7496,butter,light mayo,fresh bread,,,,,,,,,,,,,,,,,
7497,burgers,frozen vegetables,eggs,french fries,magazines,green tea,,,,,,,,,,,,,,
7498,chicken,,,,,,,,,,,,,,,,,,,
7499,escalope,green tea,,,,,,,,,,,,,,,,,,


## Preprocessing on Data
*  Here we need a data in form of list for Apriori Algorithm.

In [3]:
records = []
for i in range(0, 7501):
    records.append([str(store_data.values[i, j]) for j in range(0, 20)])

## 📘 Step-by-Step Explanation of the comprehensie list

**`records = []`**  
Creates an empty list to store the final data.

**`for i in range(0, len(store_data)):`**  
Loops through each row in the DataFrame.  
`len(store_data)` gives the total number of rows.

**`store_data.values[i, j]`**  
Accesses the raw value at row `i`, column `j`.  
Note: `store_data.values` returns the entire DataFrame as a NumPy array.

**`[str(store_data.values[i, j]) for j in range(0, 20)]`**  
This inner list comprehension:  
- Loops through the **first 20 columns** (`j` from 0 to 19)  
- Converts each value to a string  
- Collects all 20 string values into a list representing one row

**`records.append(...)`**  

In [4]:
len(records)

7501

In [5]:
records[0]

['shrimp',
 'almonds',
 'avocado',
 'vegetables mix',
 'green grapes',
 'whole weat flour',
 'yams',
 'cottage cheese',
 'energy drink',
 'tomato juice',
 'low fat yogurt',
 'green tea',
 'honey',
 'salad',
 'mineral water',
 'salmon',
 'antioxydant juice',
 'frozen smoothie',
 'spinach',
 'olive oil']

In [6]:
records[3]

['turkey',
 'avocado',
 'nan',
 'nan',
 'nan',
 'nan',
 'nan',
 'nan',
 'nan',
 'nan',
 'nan',
 'nan',
 'nan',
 'nan',
 'nan',
 'nan',
 'nan',
 'nan',
 'nan',
 'nan']

In [7]:
print (records[1])
print (records[100])
print (records[200])


['burgers', 'meatballs', 'eggs', 'nan', 'nan', 'nan', 'nan', 'nan', 'nan', 'nan', 'nan', 'nan', 'nan', 'nan', 'nan', 'nan', 'nan', 'nan', 'nan', 'nan']
['mineral water', 'barbecue sauce', 'chocolate', 'nan', 'nan', 'nan', 'nan', 'nan', 'nan', 'nan', 'nan', 'nan', 'nan', 'nan', 'nan', 'nan', 'nan', 'nan', 'nan', 'nan']
['green tea', 'nan', 'nan', 'nan', 'nan', 'nan', 'nan', 'nan', 'nan', 'nan', 'nan', 'nan', 'nan', 'nan', 'nan', 'nan', 'nan', 'nan', 'nan', 'nan']


In [None]:
records[50]

## Apriori Algorithm

* Now time to apply algorithm on data.
* We have provide `min_support`, `min_confidence`, `min_lift`, and `min length` of sample-set for find rule.

#### Measure 1: Support.
This says how popular an itemset is, as measured by the proportion of transactions in which an itemset appears.
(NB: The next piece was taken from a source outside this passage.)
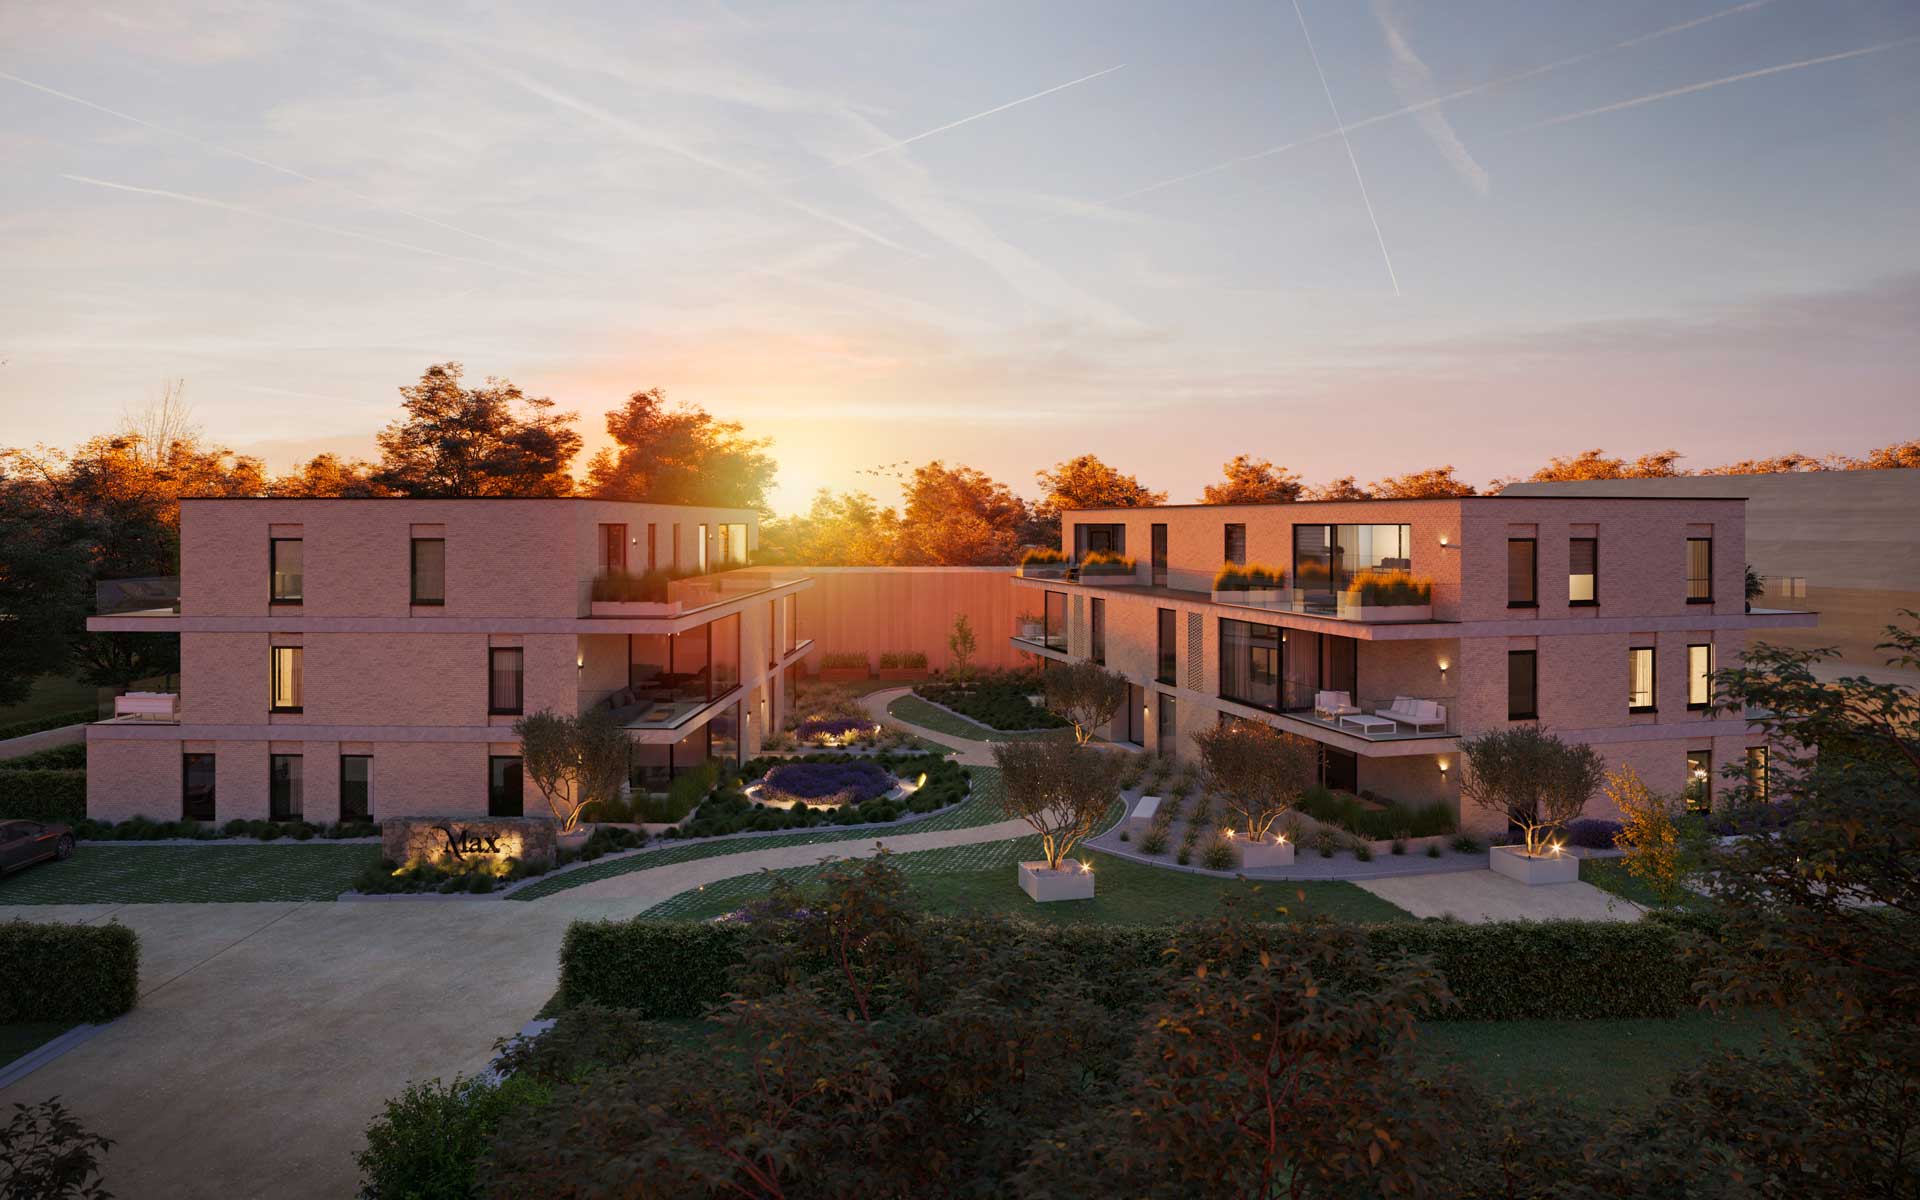 Ontdek de Provence in Wezemaal. 's Avonds de zonsondergang bewonderen op het terras met een goed glas wijn.

In Table 1 below, the support of {apple} is 4 out of 8, or 50%. Itemsets can also contain multiple items. For instance, the support of {apple, beer, rice} is 2 out of 8, or 25%.

![](https://annalyzin.files.wordpress.com/2016/04/association-rule-support-table.png?w=503&h=447)

If you discover that sales of items beyond a certain proportion tend to have a significant impact on your profits, you might consider using that proportion as your support threshold. You may then identify itemsets with support values above this threshold as significant itemsets.

#### Measure 2: Confidence. 
This says how likely item Y is purchased when item X is purchased, expressed as {X -> Y}. This is measured by the proportion of transactions with item X, in which item Y also appears. In Table 1, the confidence of {apple -> beer} is 3 out of 4, or 75%.

![](https://annalyzin.files.wordpress.com/2016/03/association-rule-confidence-eqn.png?w=527&h=77)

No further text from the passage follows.